Thermodynamically, U(IV) is a stronger reducing agent for Pu(IV) than either HAN or Fe(II) and has the additional advantage that it does not introduce any additional metal into the system. However, it is imperative to understand that Pu(III) is an unstable species at the conditions of Pu partitioning, and rapidly reoxidizes to Pu(IV) in the presence of nitrous acid. The oxidation reaction is autocatalytic in that there is no net consump­tion of HNO2 in accord with the proposed reactions (Schultz 1984):

HNO3 + HNO2 ^ N2O4 + H2O 6.6

N2O4 + Pu3+ + H+ ^ Pu4+ HNO2 + NO2 6.7

This is also the case for U(IV), which is oxidized by a similar mechanism. The point is that either of the aforementioned reducing agents, U(IV) and Fe(II), must be supported by a nitrite scavenger to prevent this autocata­lytic reoxidation of Pu(III) to Pu(IV) and thereby inhibit Pu partitioning.

Hydrazine nitrate (N2H5NO3) is commonly added as a nitrite scavenger, preventing Pu(III) oxidation and helps stabilize U(IV). Hydrazine destroys NO2- in accordance with the following reactions:

N2H5+ + NO2- ^ HN3 + 2H2O 6.8

HN3 + H+ + NO2- ^ N2O + N2 + H2O 6.9

Since excess hydrazine is always added in the process, reaction (6.9) can be neglected. Note that HAN is also a nitrite scavenger, albeit less effective than hydrazine, (vide infra, equation 6.11). Consequently, HAN is always used in conjunction with hydrazine in industrial flowsheets. At this point, it is also relevant to mention another nuance of Tc chemistry that becomes prominent in connection with the Pu partitioning operation under discus­sion. Coextracted Tc remaining in the loaded organic and entering the Pu partitioning process complicates the Pu partitioning of U and Pu when N2H4 is used as a nitrite scavenger. Technetium is a catalyst for both hydrazine destruction and the U(IV) oxidation, which results in the concomitant increase in the consumption of N2H4. In modern PUREX operations, it is now well recognized that to avoid the excessive consumption of N2H4 it is necessary to remove coextracted Tc in the solvent prior to U-Pu partition­ing. This is the predominant consideration for including the Tc scrub opera­tion in the aforementioned codecontamination step of the first extraction cycle.

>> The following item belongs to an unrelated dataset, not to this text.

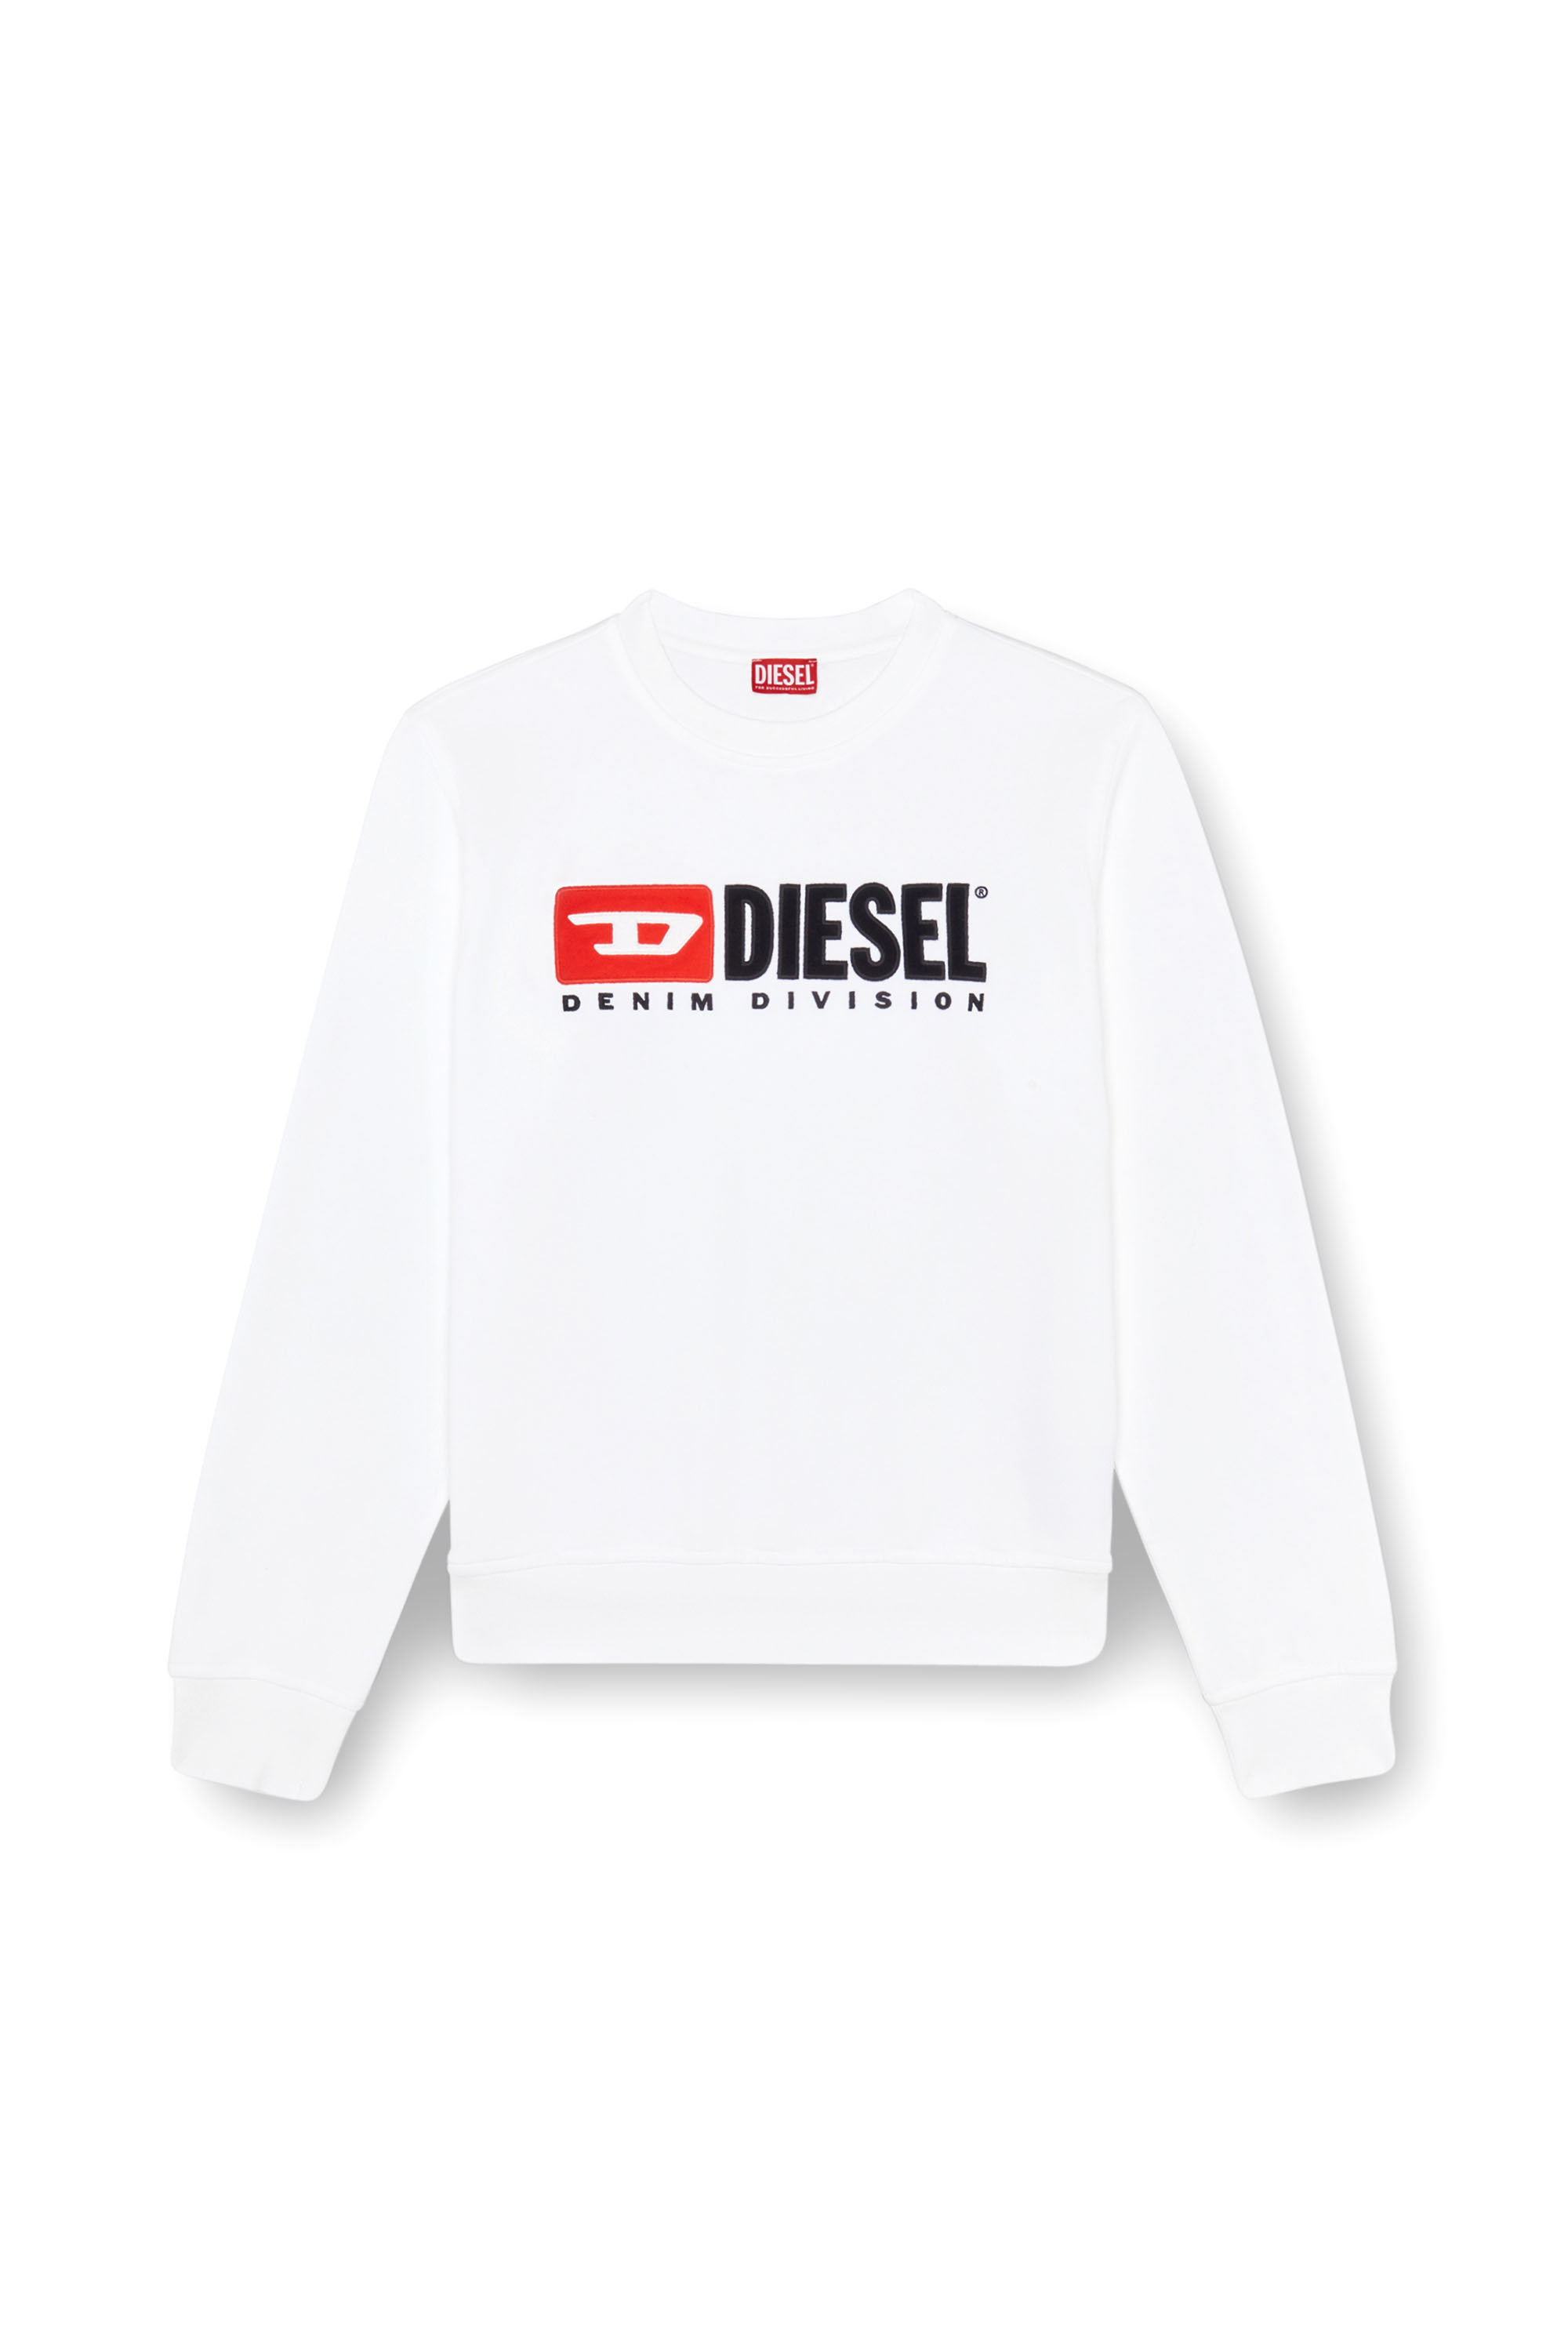 Diesel - S-BOXT-DIV, Homme Sweat-shirt avec logo Denim Division in Blanc - Image 3

Since U(IV) is extractable by TBP, albeit to a lesser extent than U(VI) (refer to Table 6.1), at least two hydrazine stabilized U(IV) aqueous streams are used in the Pu partitioning contactor. Referring again to Fig. 6.2, a stream containing U(IV) at a moderate ~1 to 2 M HNO3 concentration is fed to the Pu partitioning contactor at a location near the organic feed entry (Sood 1996). The acidity in this stream is useful in salting the U(IV) into the organic phase, thereby facilitating the reduction of Pu(IV). A second U(IV) containing aqueous stream with a lower 0.2 M HNO3 concentration is fed near the organic effluent (Fig. 6.2, Pu scrub contactor), effectively scrubbing Pu from the U laden organic product; the lower acidity also facilitates reduction of Pu (IV) to Pu(III) by U(IV). A fresh organic scrub stream of 20-30% TBP is fed at the opposite end (Fig. 6.2, bottom of the U scrub contactor) to remove residual uranium from the aqueous pluto­nium product stream. This organic phase, containing some uranium and plutonium, is recombined with the organic feed in the stripping operation. Normally, the amount of U(IV) used in the partitioning process is four to six times the stoichiometric requirement (Sood 1996).

Other design criteria built into the Pu partitioning step are worth men­tioning. In addition to purity of the Pu stream, another important consid­eration in the plutonium partitioning cycle is that it be operated in a manner conducive to concentration of Pu in the final aqueous product from this operation. This is one of the benefits of the reductive stripping operation, since Pu concentration in the partitioning step makes it possible to elimi­nate intercycle evaporative concentration operations between the codecon­tamination and the second Pu purification cycles. The partitioning of uranium and plutonium early in the overall process flowsheet has been universally adapted to segregate issues related to treatment capacity from those relating to criticality risk management. For example, the equipment used for the codecontamination and uranium purification cycles requires a large throughput of several tonnes/day, with very high liquid flowrates. For the plutonium purification cycles, the equipment design is more complex to preclude the associated criticality risks; conversely, the fact that smaller quantities of material streams are being handled calls for equipment of greatly reduced size.